**Exercise instructions**
Word for word, transcribe the listing that follows, minus any pictures.

### Records for this task ###

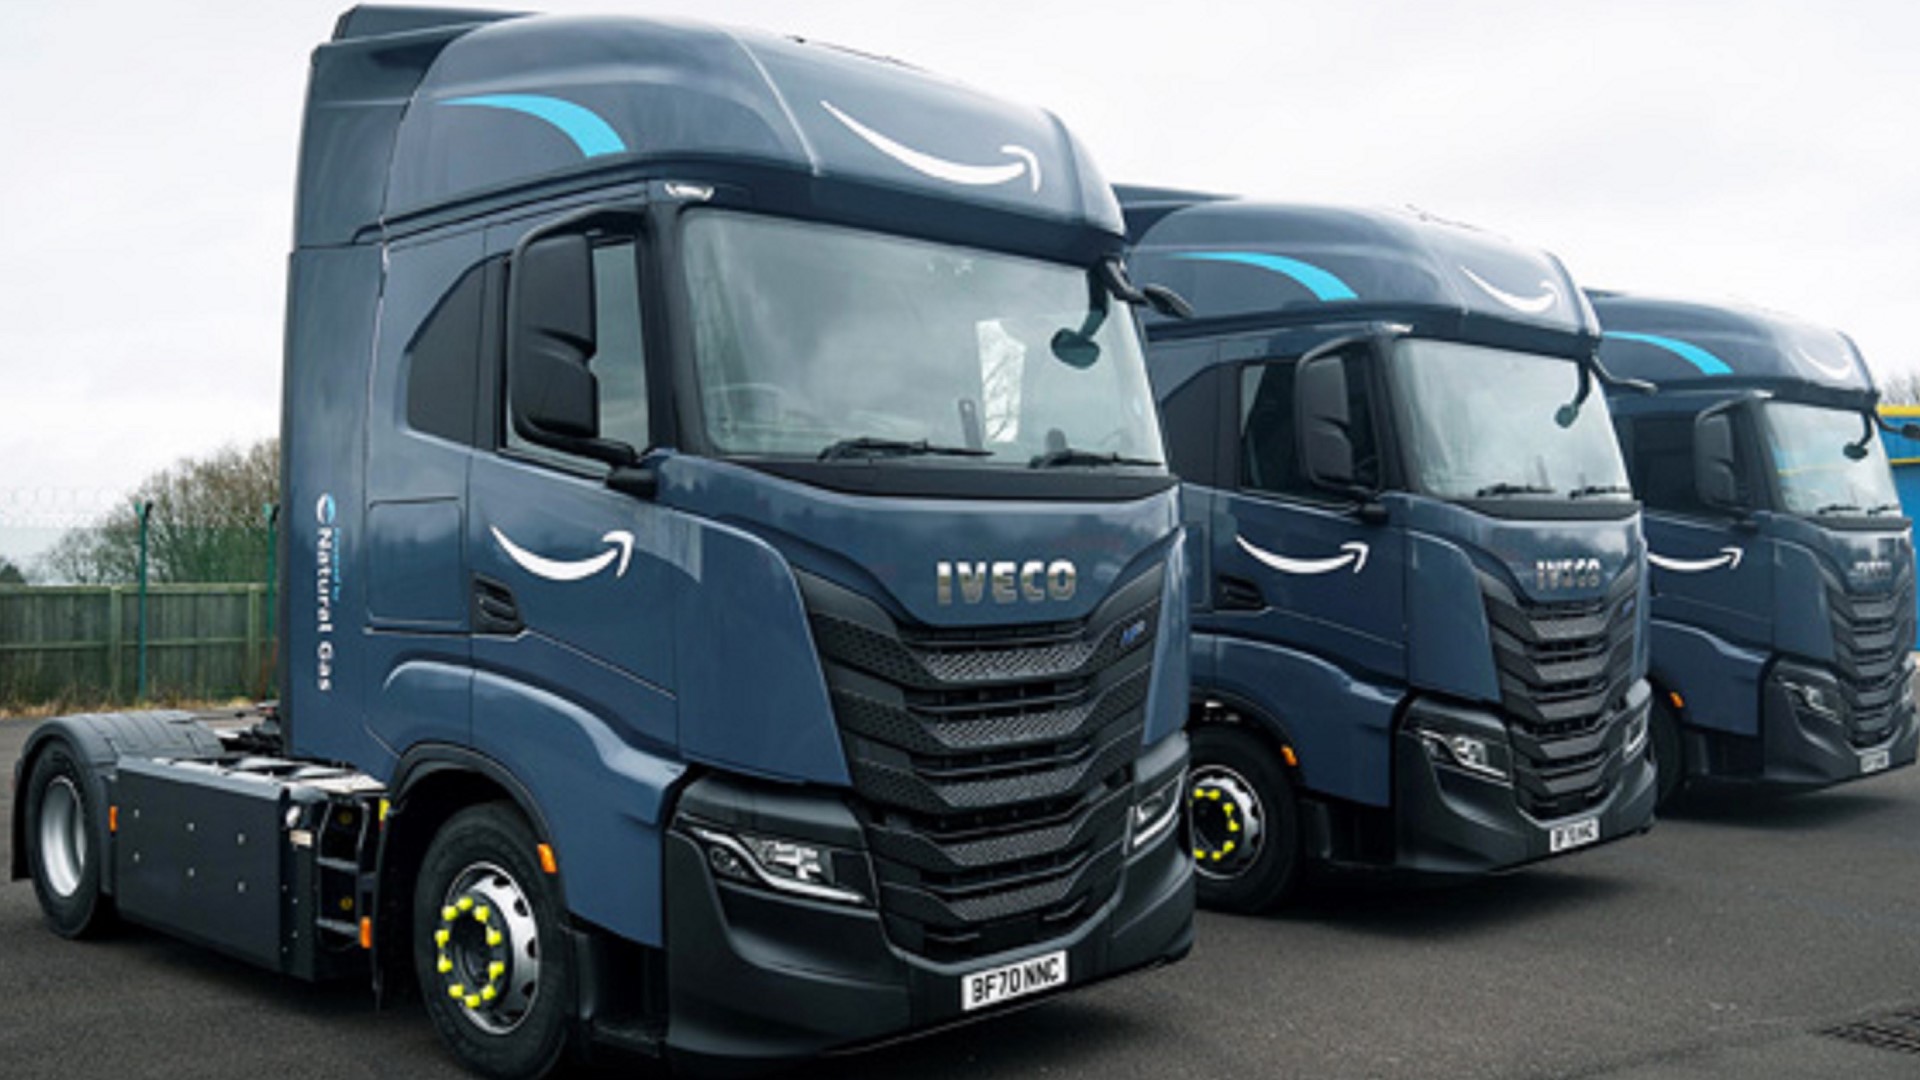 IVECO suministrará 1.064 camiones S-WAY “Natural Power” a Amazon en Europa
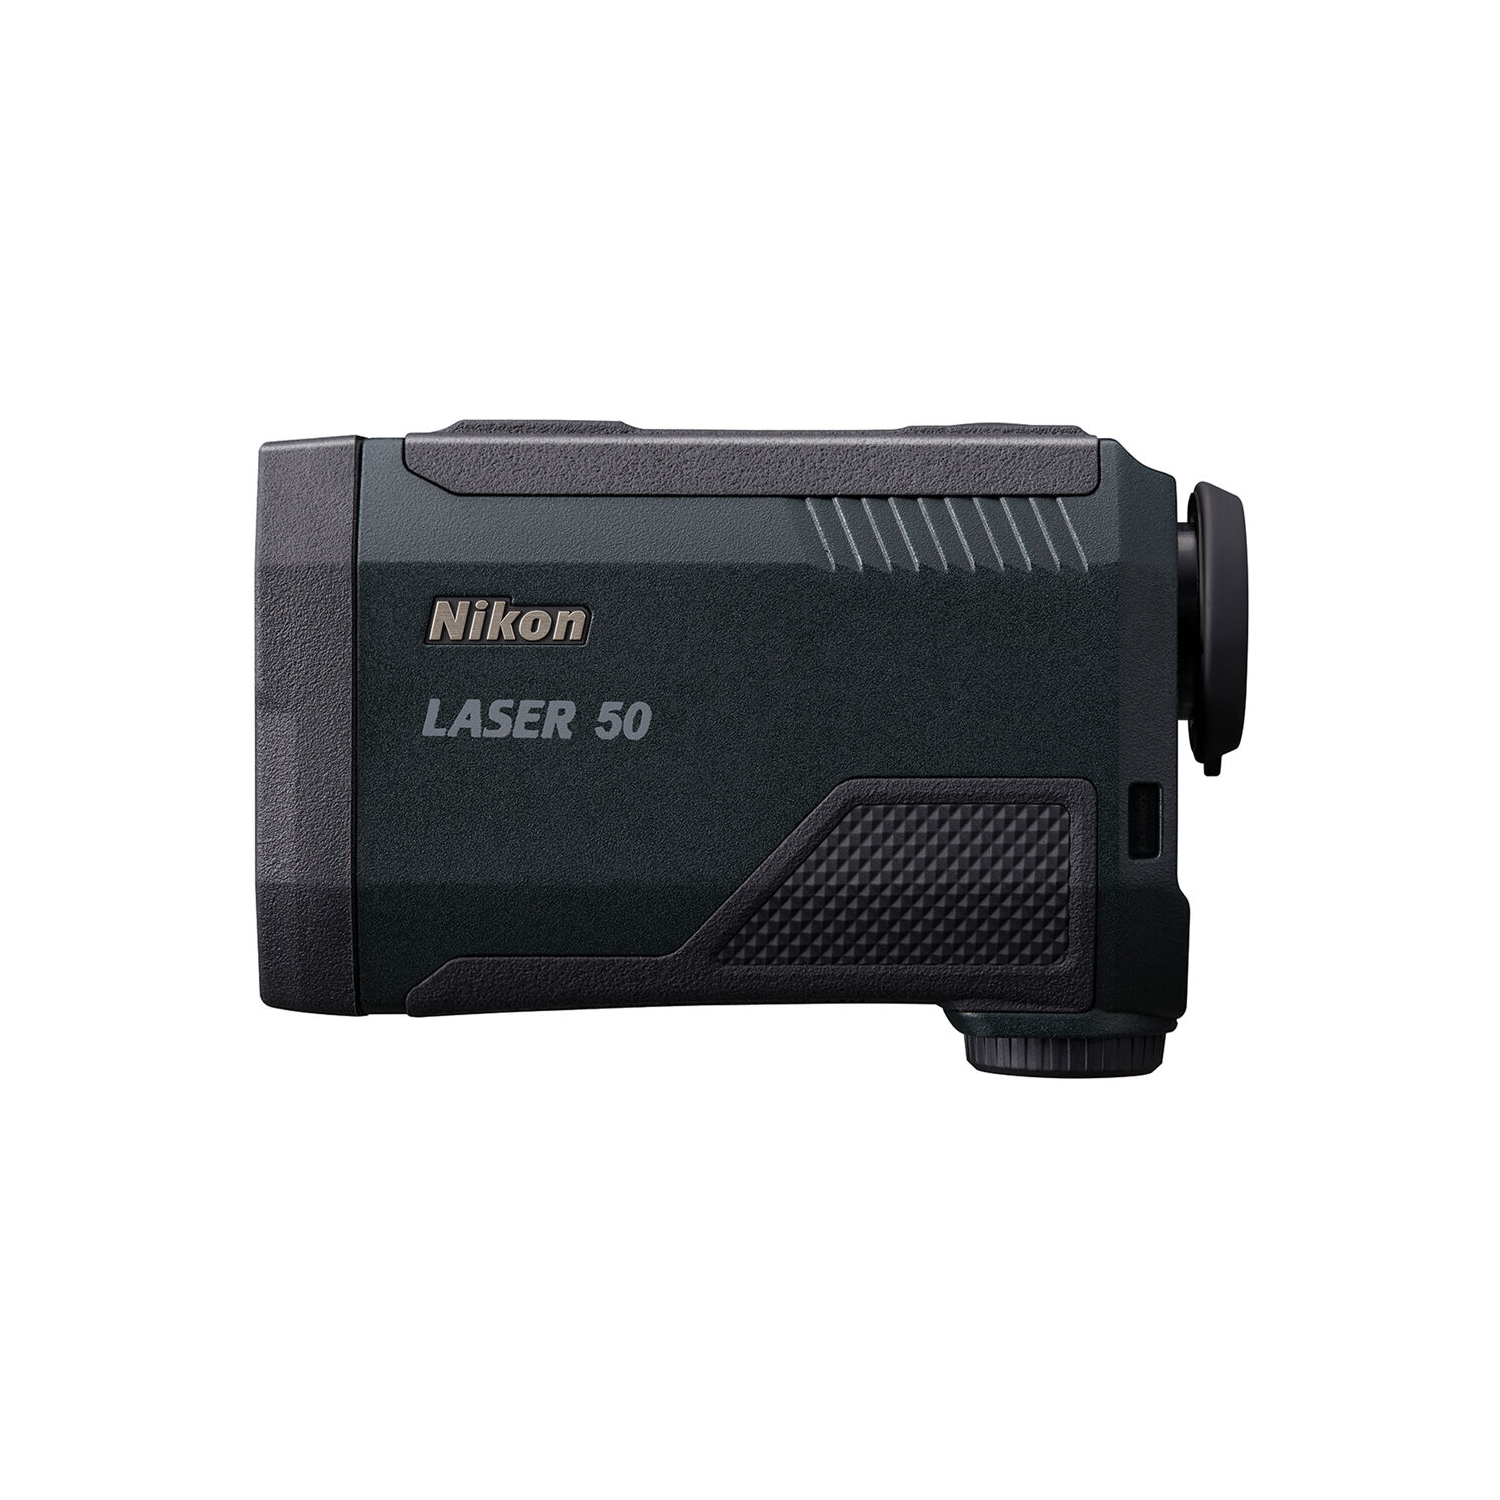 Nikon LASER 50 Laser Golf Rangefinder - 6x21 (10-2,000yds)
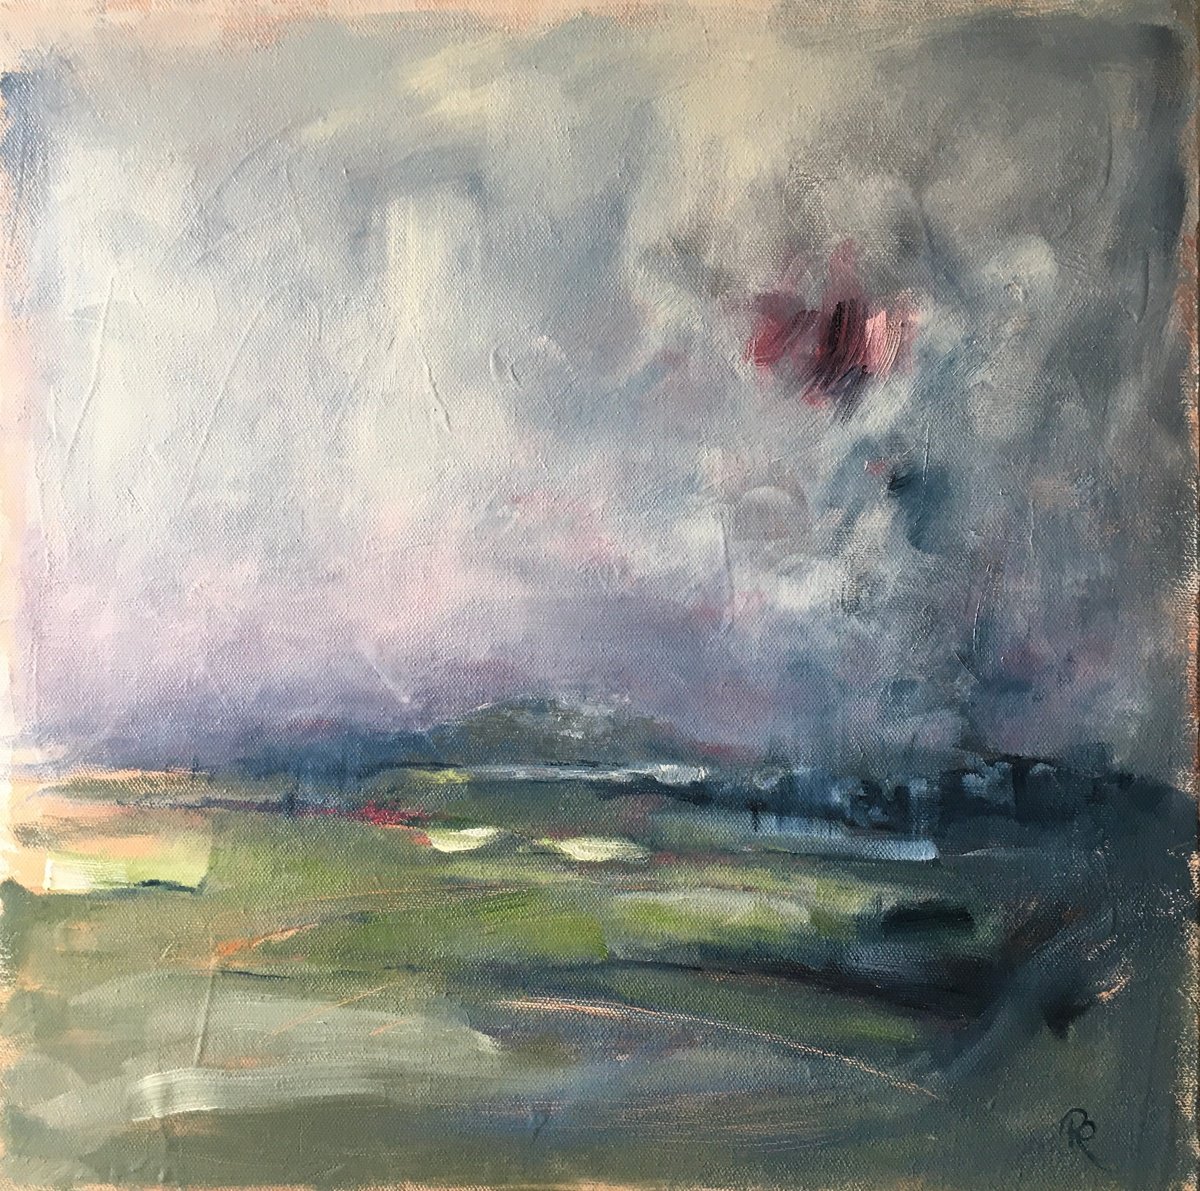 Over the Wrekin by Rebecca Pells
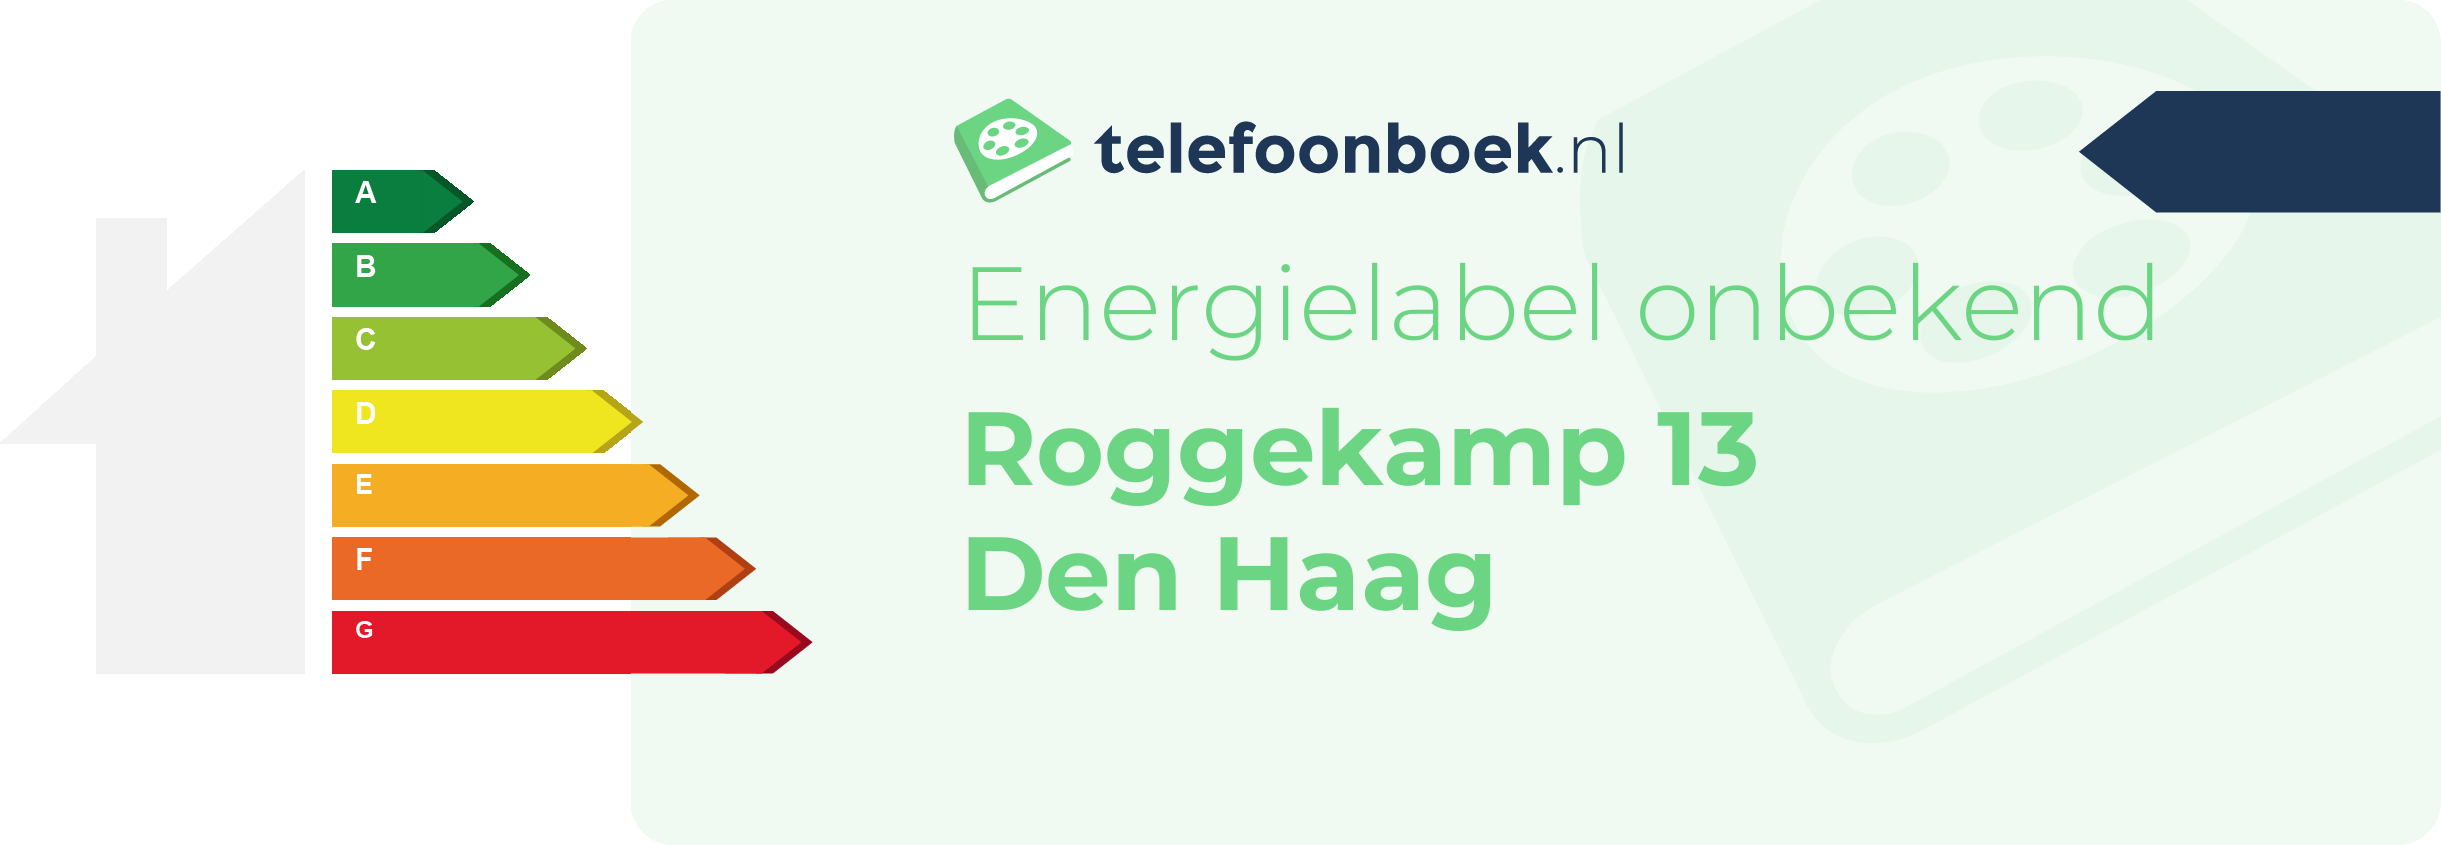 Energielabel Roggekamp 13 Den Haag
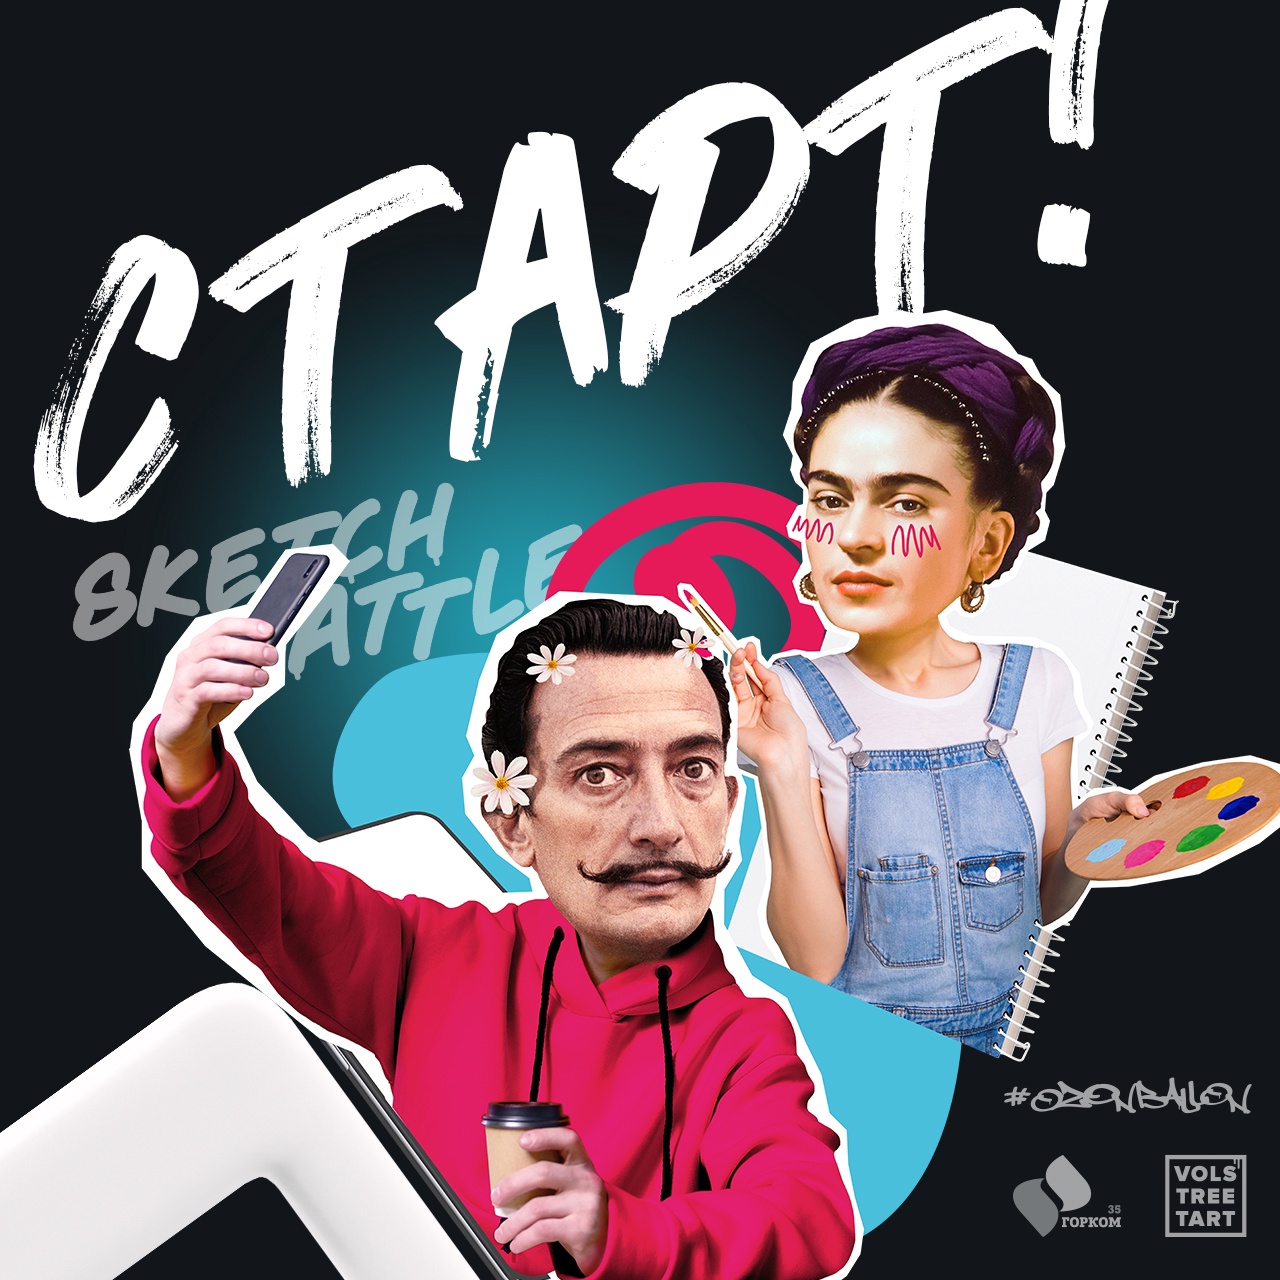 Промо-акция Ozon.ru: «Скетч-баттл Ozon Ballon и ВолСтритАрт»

###

**Expected answer**
 IVECO suministrará 1.064 camiones S-WAY “Natural Power” a Amazon en Europa
 Nikon LASER 50 Laser Golf Rangefinder - 6x21 (10-2,000yds)
 Over the Wrekin by Rebecca Pells
 Energielabel Roggekamp 13 Den Haag
 Промо-акция Ozon.ru: «Скетч-баттл Ozon Ballon и ВолСтритАрт»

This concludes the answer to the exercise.